XML 27 R25.htm IDEA: XBRL DOCUMENT v2.4.0.6
SUBSEQUENT EVENTS
12 Months Ended
Dec. 31, 2012
Subsequent Events [Abstract]  
Subsequent Events
SUBSEQUENT EVENTS

The Company evaluates subsequent events up until the date the consolidated financial statements are issued.
Sun City West Mortgage Loan Origination
On January 31, 2013, the Company entered into a $12.8 million mortgage loan agreement with an affiliate of New Dawn Holding Company ("New Dawn") secured by a first trust deed on a 48-unit memory care facility located in Sun City West, Arizona ("Sun City West Mortgage Loan"). The Sun City West Mortgage Loan has a five-year term, bears interest at a fixed rate of 9.0% per annum and cannot be prepaid during the first three years of the loan term. In addition, beginning April 2014, the Company has an option to purchase the facility securing the Sun City West Mortgage Loan for a price equal to the greater of (a) the annualized earnings before interest, taxes, depreciation, amortization and rent of the facility for the trailing three months prior to option exercise, divided by an EBITDAR coverage ratio of 1.30 and further divided by an implied lease rate of 8.25% (subject to adjustment up to 9.00%), and (b) $15.0 million. In the event the Company exercises the purchase option, the Company would expect to enter into a long-term lease with affiliates of New Dawn with an initial cash yield consistent with the lease rate used to determine the option exercise price. The facility was built in 2012 and is operated by affiliates of New Dawn.
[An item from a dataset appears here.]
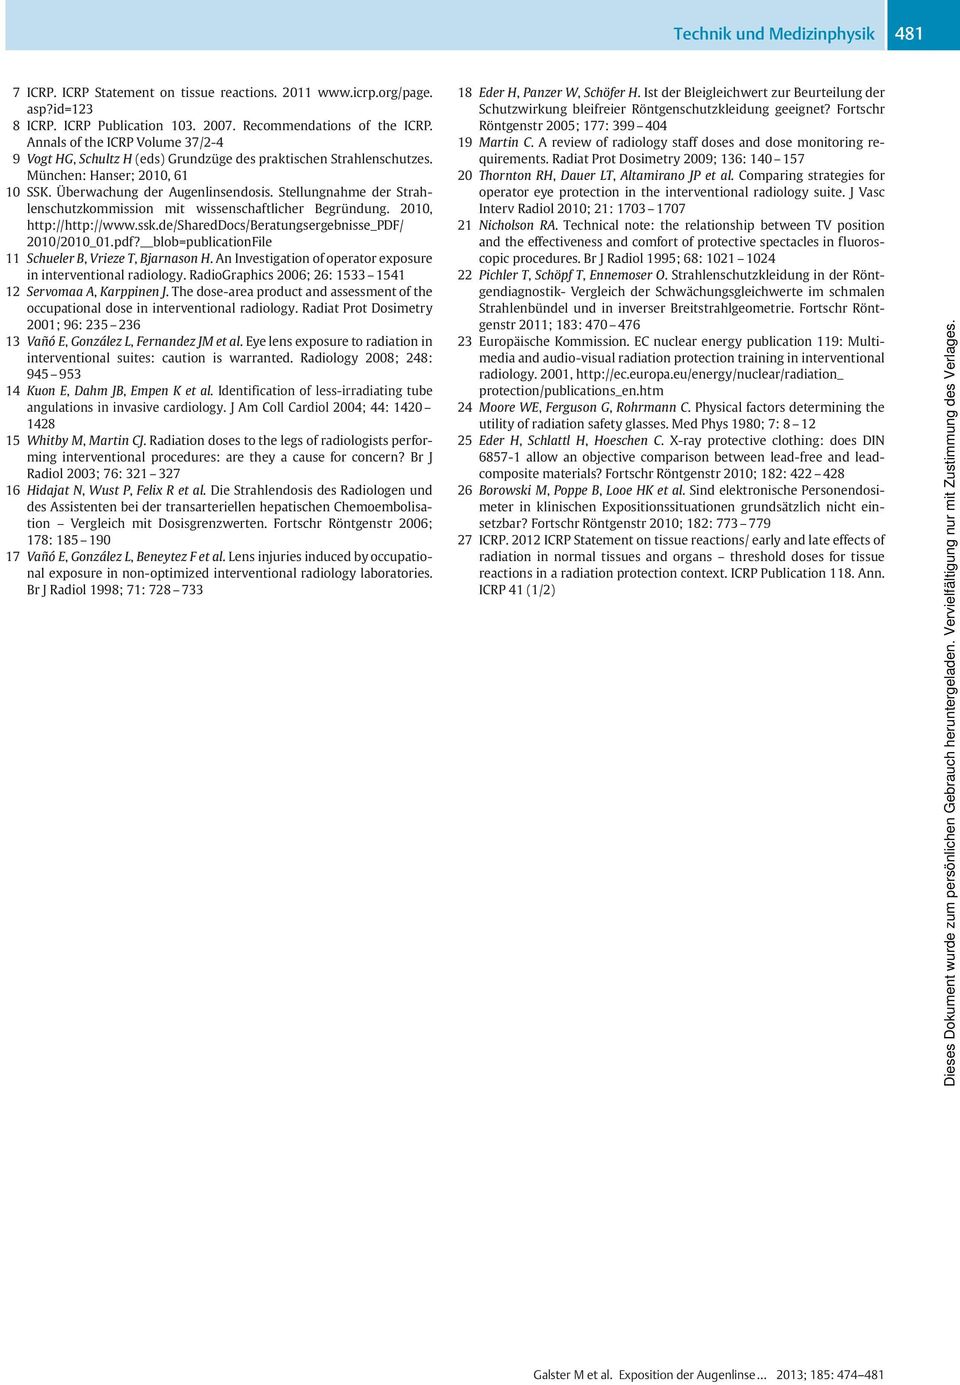 Stellungnahme der Strahlenschutzkommission mit wissenschaftlicher Begründung. 2010, http://http://www.ssk.de/shareddocs/beratungsergebnisse_pdf/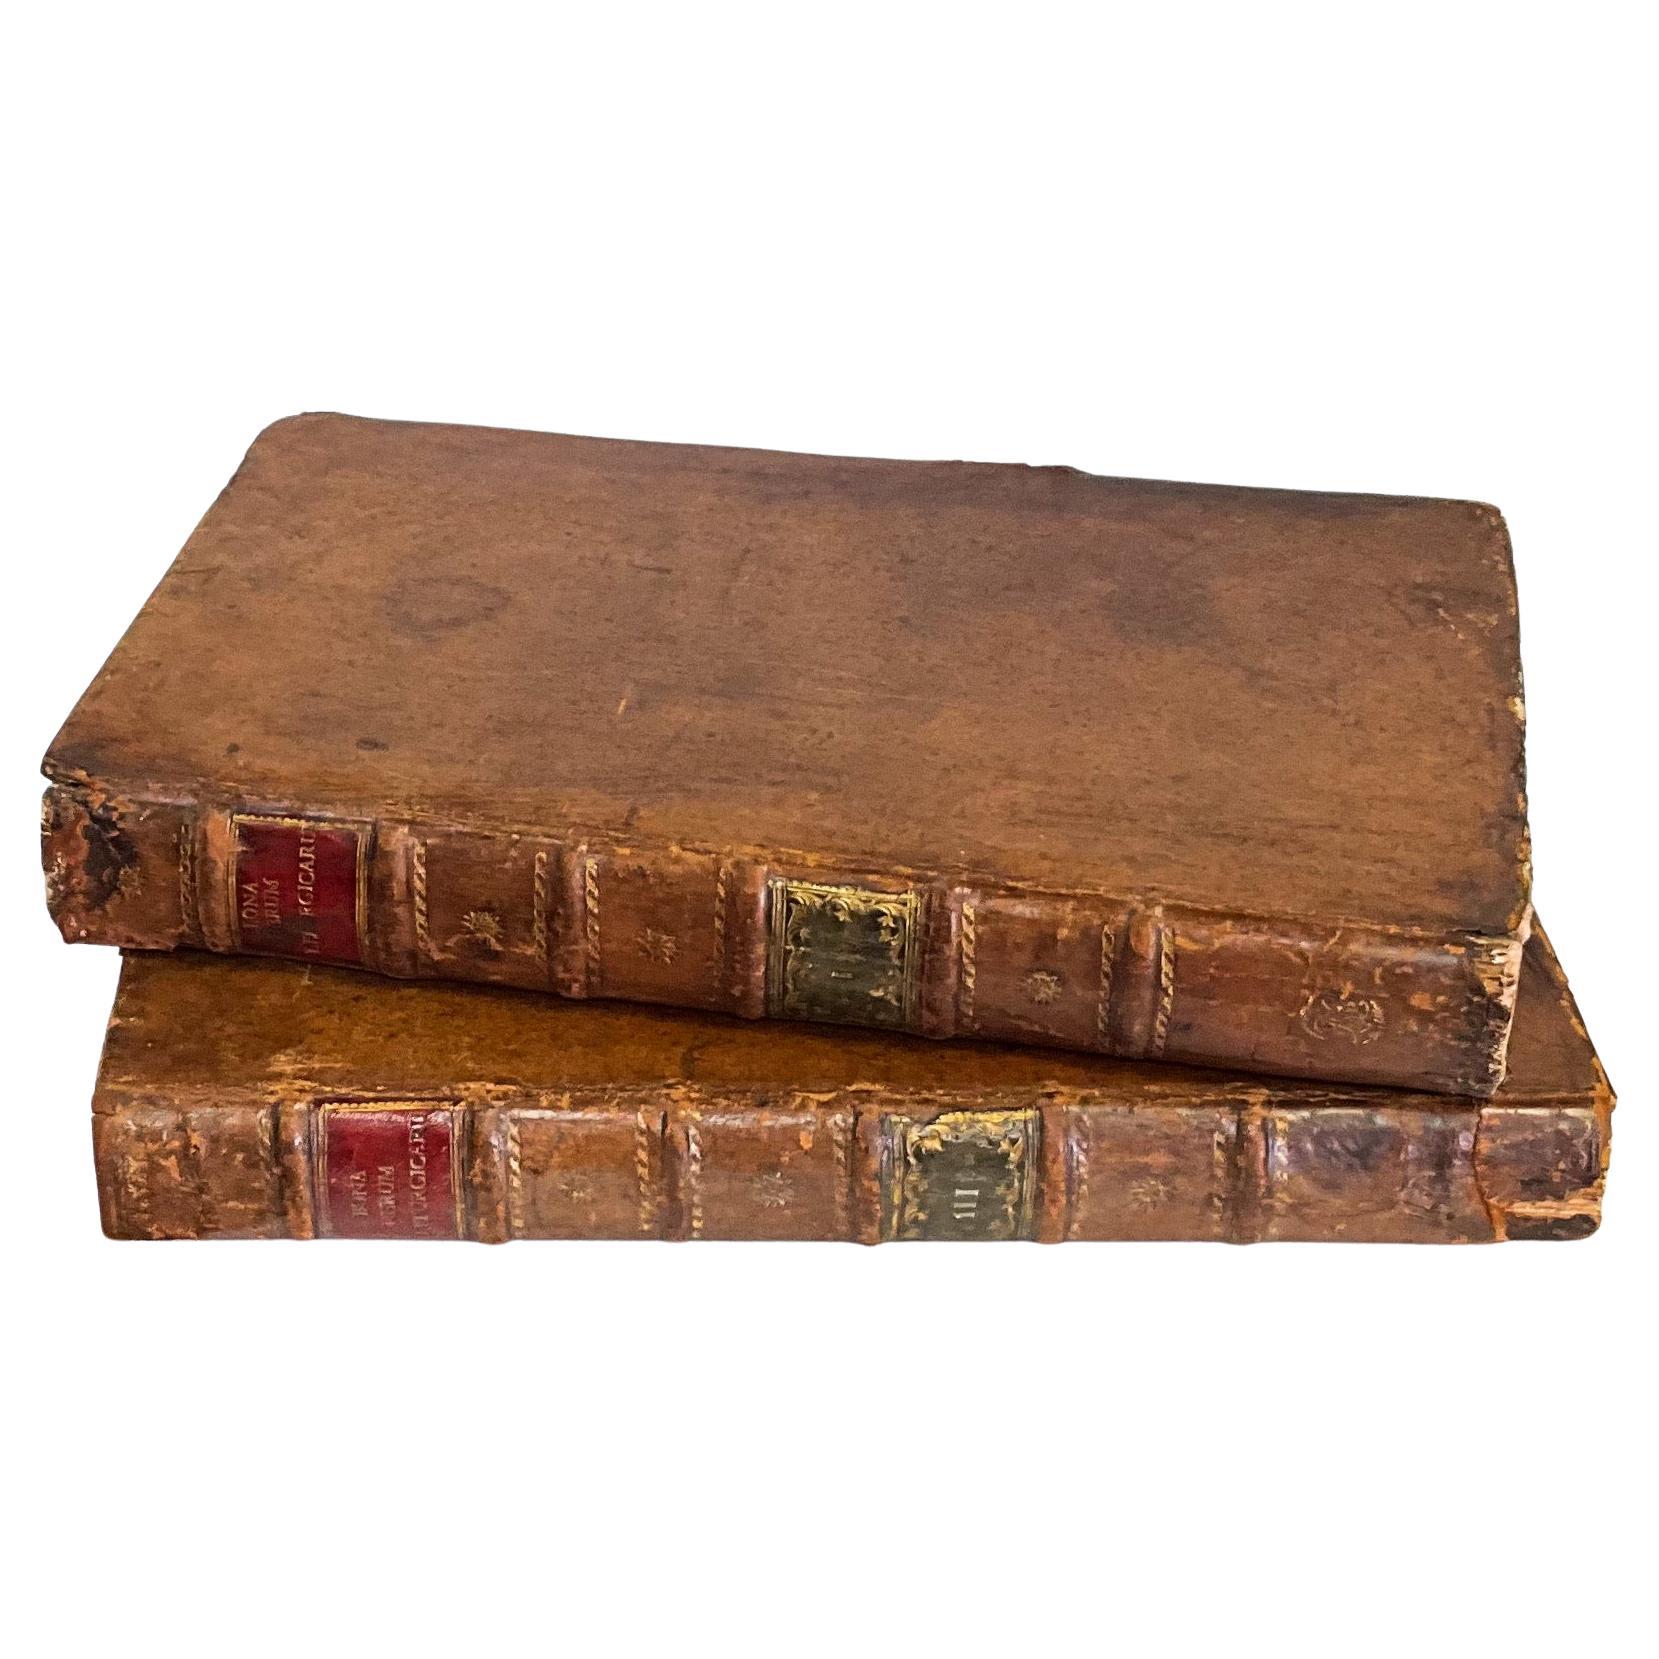 A.C.I.C. Grand livre religieux géorgien en cuir et faux marbre - S/2 Bibliothèque

The Sun City West Mortgage Loan was funded with available cash.
Bee Cave Preferred Equity Investment
On March 5, 2013, the Company entered into an agreement to provide up to $7.2 million of preferred equity funding to an affiliate of Meridian Realty Advisors, L.P. (“Meridian”) for the construction of a 141-bed skilled nursing facility and a 52- unit memory care facility in Austin, Texas (collectively, the “Bee Cave Preferred Equity Investments”). The Company funded $4.3 million at closing. In addition, the Company received an option to purchase the skilled nursing facility on or after the earlier to occur of the facility achieving and maintaining 90% occupancy for three consecutive months, or 36 months after receiving the certificate of occupancy for the facility. The Company also received an option to purchase the memory care facility that is not expected to be exercised as it is subordinate to a purchase option given to the manager of the memory care facility. Upon exercise of the purchase option on the skilled nursing facility, the Company would expect to lease the facility to Meridian under a long-term, triple net lease. The Company's preferred equity investment with respect to the skilled nursing facility provides for an annual 15% preferred rate of return, which will accrue on a quarterly compounding basis with payment of the preferred return deferred until the earlier of the closing under the purchase option, or 18 months after receiving a certificate of occupancy for the facility. The Company's preferred equity investment with respect to the memory care facility provides for an annual 15% preferred rate of return, which will accrue on a quarterly compounding basis with payment of the preferred return deferred until the earlier of the closing under the purchase option (whether by the manager of the facility or by the Company), or 30 months after receiving a certificate of occupancy for the facility.